A Mozilla Desktop Environment?
Andreas writes "A discussion at the mozilla.dev.planning list has given the birth to the idea of a Mozilla Desktop Environment. This sure sounds like a possibility for Mozilla as it already has many of the applications needed; and the company is thoroughly familiar with XUL, which is a more-than-potent language upon which to build a desktop environment. By building a desktop environment Mozilla wouldn't have to worry about drivers (and such) and could choose from a variety of kernels, and still be in the center of attention. Mozilla has to expand some of the applications for this to work, though, like adding local file management with Firefox."
To be fair, most of the memory issues in Firefox are because of the way it keeps previously visited pages stored so they can be quickly opened again. Unless their text editor/email client/whatever acted in the same manner then it shouldn't be too big an issue.
In my opinion, Mozilla should really leave this kind of idea to other developers. Songbird developed by itself just fine and I'm sure after this idea's been mentioned there will be other random developers toying around with the idea. Firefox and Thunderbird are good but attention should be focused on them before moving on to bigger, wilder ideas.
If we can hit that bull's-eye, the rest of the dominoes will fall like a house of cards... Checkmate.
I've done a bit of stuff with XUL.
It's great if you want to do things like, say, a custom web browser or write your own iTunes -- The kind of thing that you'd usually write as a web-based app but you need local file storage and maybe access to online content that cross-site scripting preventative rules would prevent you from accessing in a regular browser.

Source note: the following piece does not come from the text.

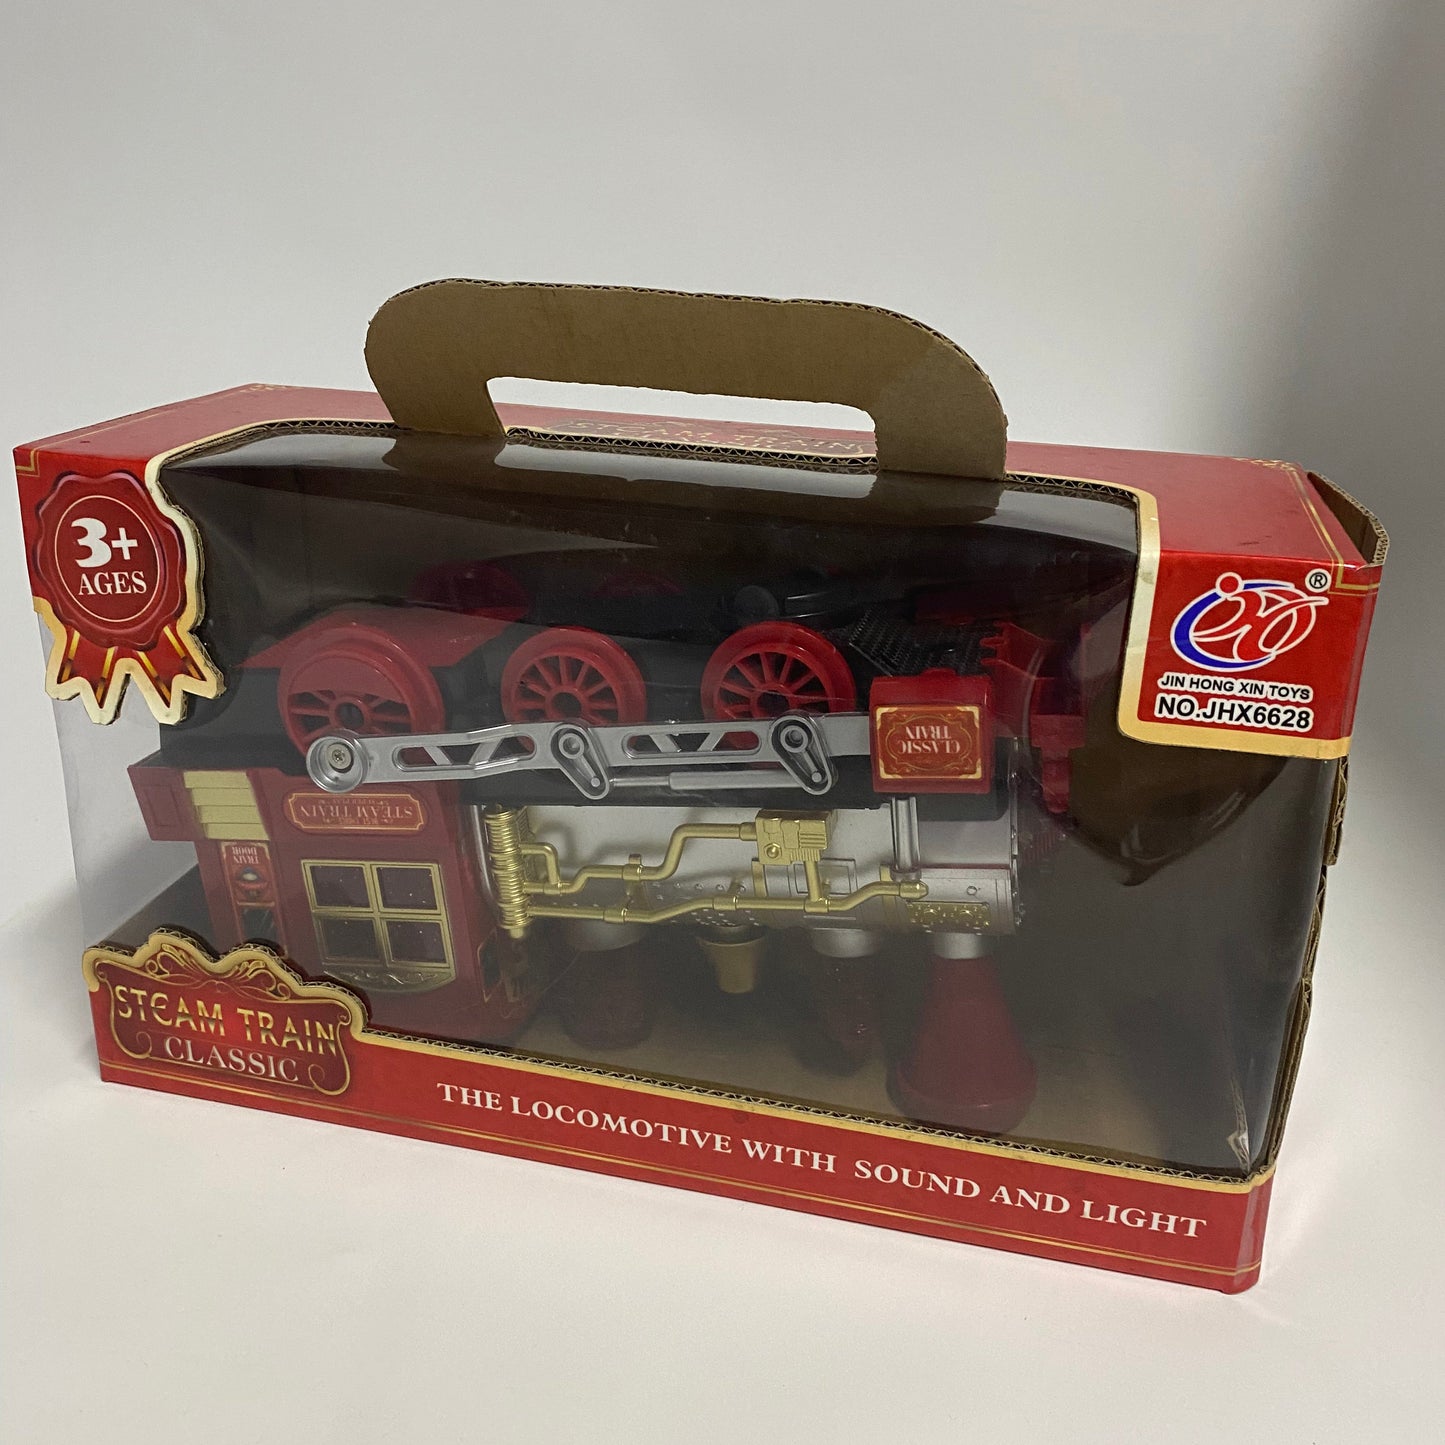 Starfun Learning & Education Toys Steam Train for Children's Birthday Gifts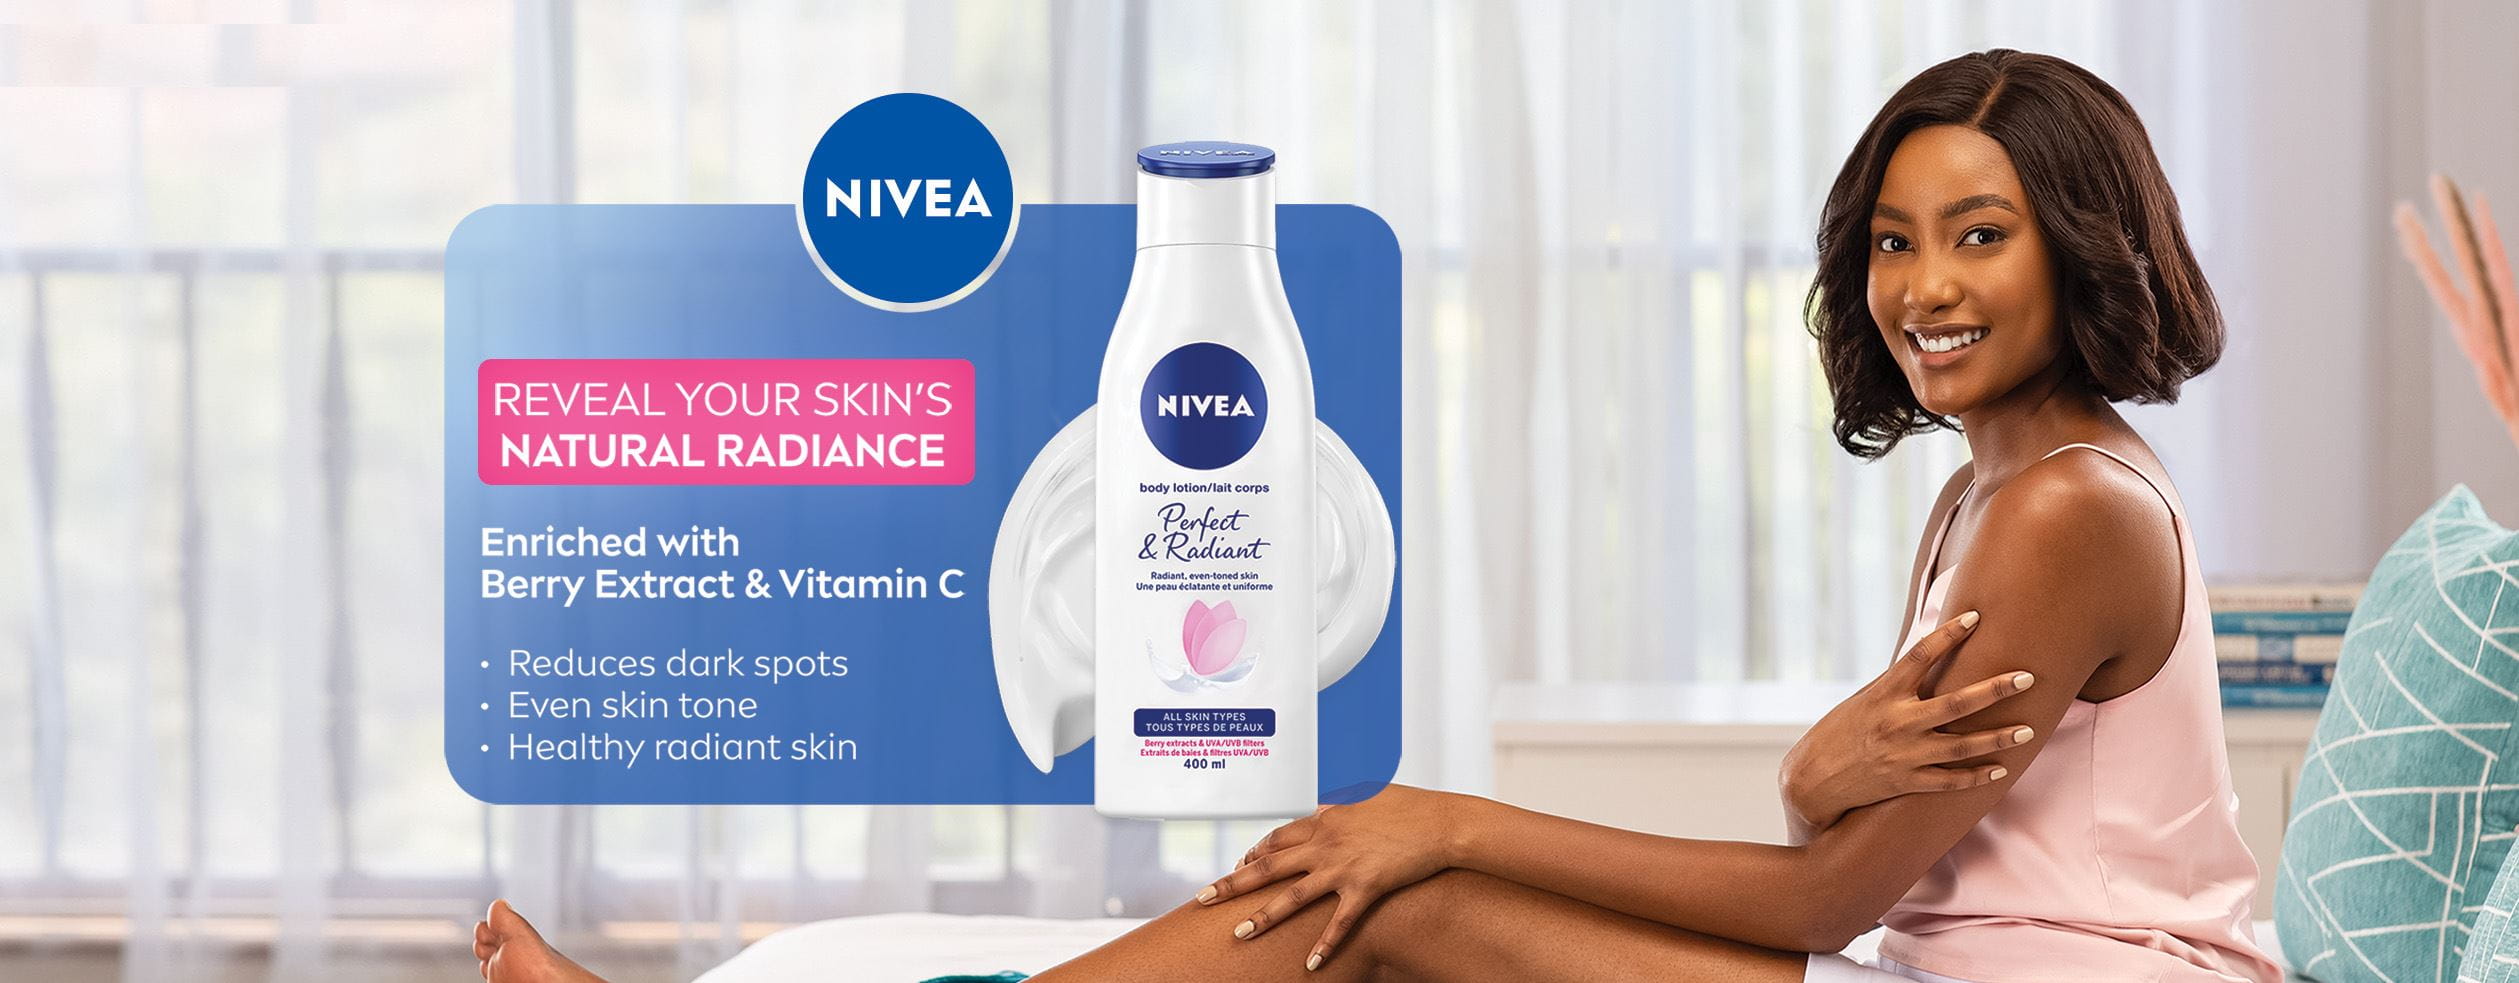 NIVEA Perfect & Radiant product and model

If you need to do more than that, it's quite a chore. You have to start writing your own XPCOM components, which you'll have to compile on each target platform separately. There goes your easy cross platform compatibility.
The documentation for XUL and XPCOM isn't very helpful or well organized, and that's putting it nicely.
Language support is thin. C++ and Javascript are pretty much your only choices, although Python support is coming soon, apparently.
The question is, if you were going to develop a desktop environment from scratch, would you start by writing XUL? Would you then extend that by embedding JavaScript? I don't think so. Both Gnome and KDE tried the whole component thing with CORBA and abandoned it for performance and complexity reasons. Cross-platform is nice, but Java, GTK+, QT, and even C# provide better cross platform benefits with greater support and language compatibility than the XUL suite of tools.
Not only that, but I'd wager a Java desktop environment would be a better performer than one based on XULRunner. Not to mention, it would support more languages through Jython, JNI, etc.
It's a shame, because XULrunner could be a great platform. I hope they focus more on documentation and supporting other languages than redundant pie-in-the-sky projects like this one.
If moderation could change anything, it would be illegal.
If you've got both Seamonkey and Konqueror installed on your system, browse the same set of sites with both. Make sure you disable caching for both, to prevent such caching from inflating each browser's memory usage. Also start from a raw X session, just to further eliminate any sources of inconsistency.
I just did that sort of a test on my Linux system, visiting a variety of sites (Slashdot, BBC, Tom's Hardware, FSF, Digg, etc.) with both Seamonkey 1.1.1 and Konquerur 3.5.5. I've also used Opera 9.01. Checking via top, I see that Seamonkey currently has a virtual memory image of 357 MB. Konqueror, on the other hand, is using a rather minimal 43 MB. Opera is just over Konqueror, at 45 MB. As this is the total size in virtual memory for each process, it also includes the overhead of any shared libraries.
So from those results, I think it's safe to say that there's a major problem with Seamonkey. Both Konqueror and Opera manage to keep their memory usage within reasonable bounds. As for the cause of Seamonkey's excessive memory usage, I can't say. It could be due to memory leaks. I'd guess it's partially due to their extreme overarchitecturing of their software. Regardless, it's a troublesome issue for them.
SymphonyOS is a Linux distribution which uses a special desktop based in a browser.